Nem preciso baixar a voz. Tentar proteger Charlotte da crueldade da vida é inútil. Ela já viu de tudo, já ouviu de tudo. Foi derrubada pela realidade antes que aprendesse a ficar em pé.
Quando os paramédicos recebem o ok, entram no apartamento de Daisy, carregando malas e equipamentos. Conversam com os policiais que os acompanham ao interior. Fico imediatamente impressionada com a falta de ação. Não há gritos, não há ninguém entrando e saindo. Tanta diferença de quando encontrei Daisy espancada em sua cama. Daquela vez havia muito barulho. Tentativas barulhentas de estabilizar sua condição antes de passarem
correndo com ela para a ambulância e seguirem para o hospital.

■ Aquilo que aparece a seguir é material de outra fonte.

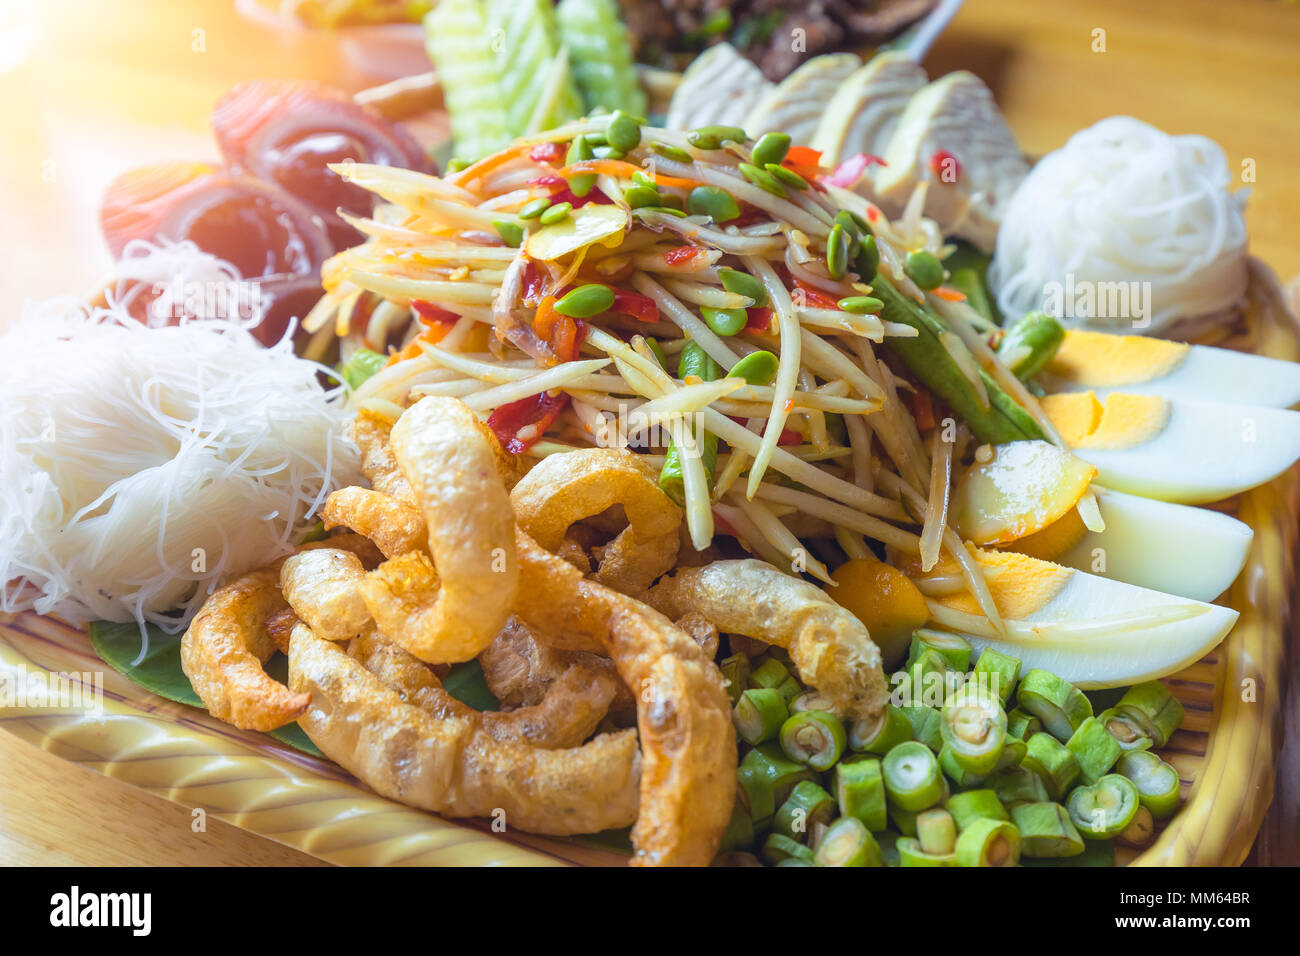 Berühmte thailändische Essen, Papaya Salat, spicy thai food. Stockfoto
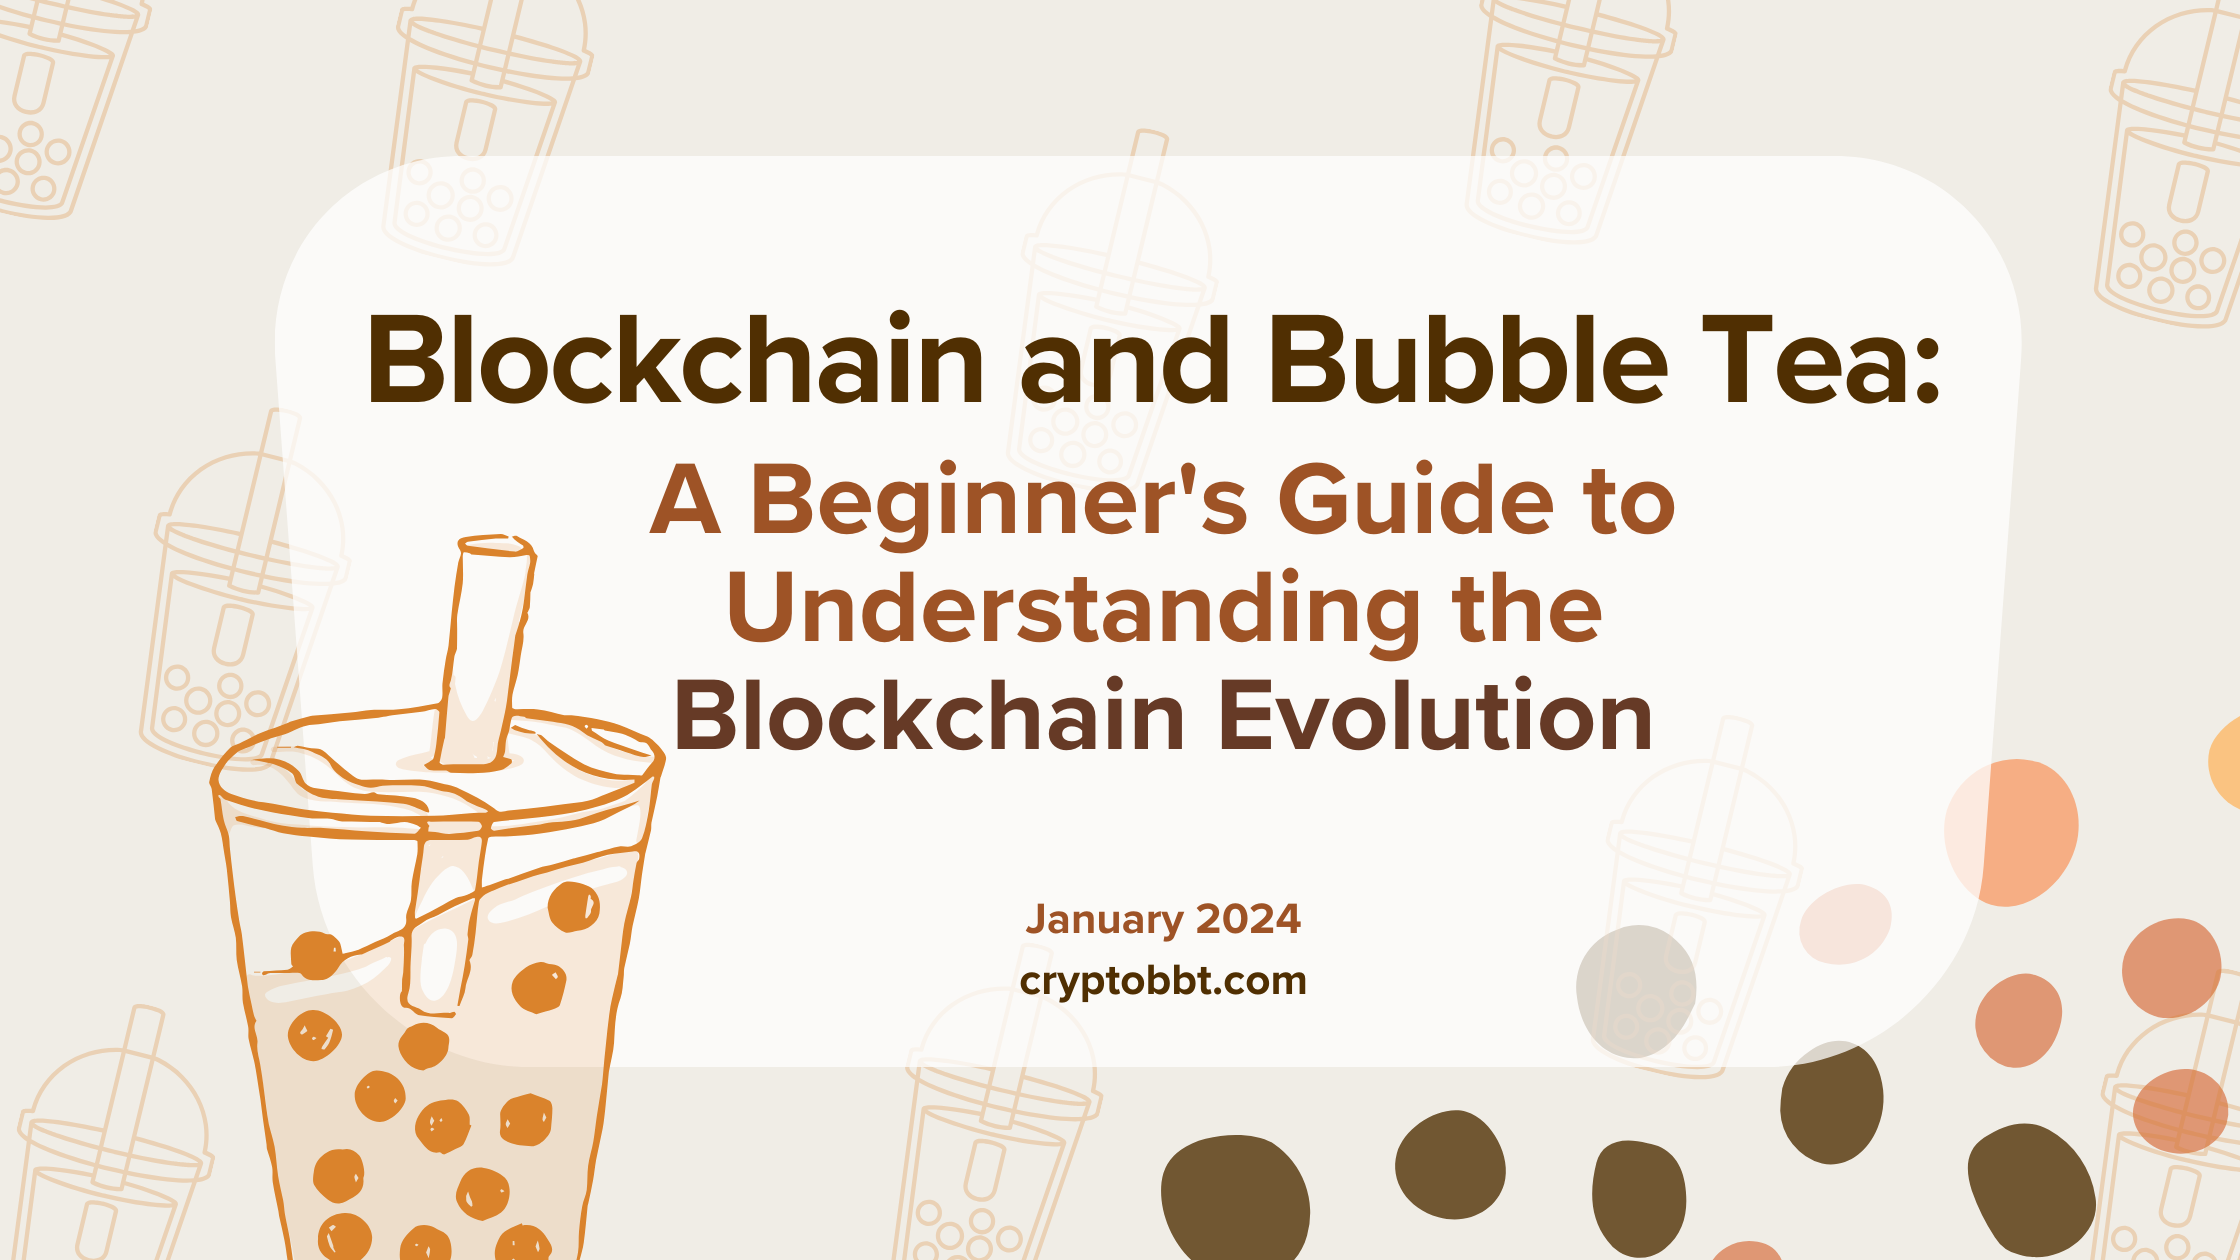 Blockchain and Bubble Tea: A Guide to the Blockchain Evolution

Dessa vez, porém, o silêncio parece um mau presságio. Quase insuportável. Meu coração despenca quando a vizinha de Daisy finalmente sai do apartamento. Seus lábios estão curvados para baixo e seus olhos quase não encontram os meus. Quando ela finalmente me olha, balança a cabeça lentamente e tenho certeza do que eu suspeitava o tempo todo.
Daisy se foi.
É por isso que eles não estão correndo ou gritando. É por isso que não há nenhuma volta frenética para a ambulância como um paramédico cobrindo a boca dela com uma máscara de oxigênio. Não há necessidade de pressa quando ela já nos deixou. O tempo pode correr um pouco mais devagar para os mortos.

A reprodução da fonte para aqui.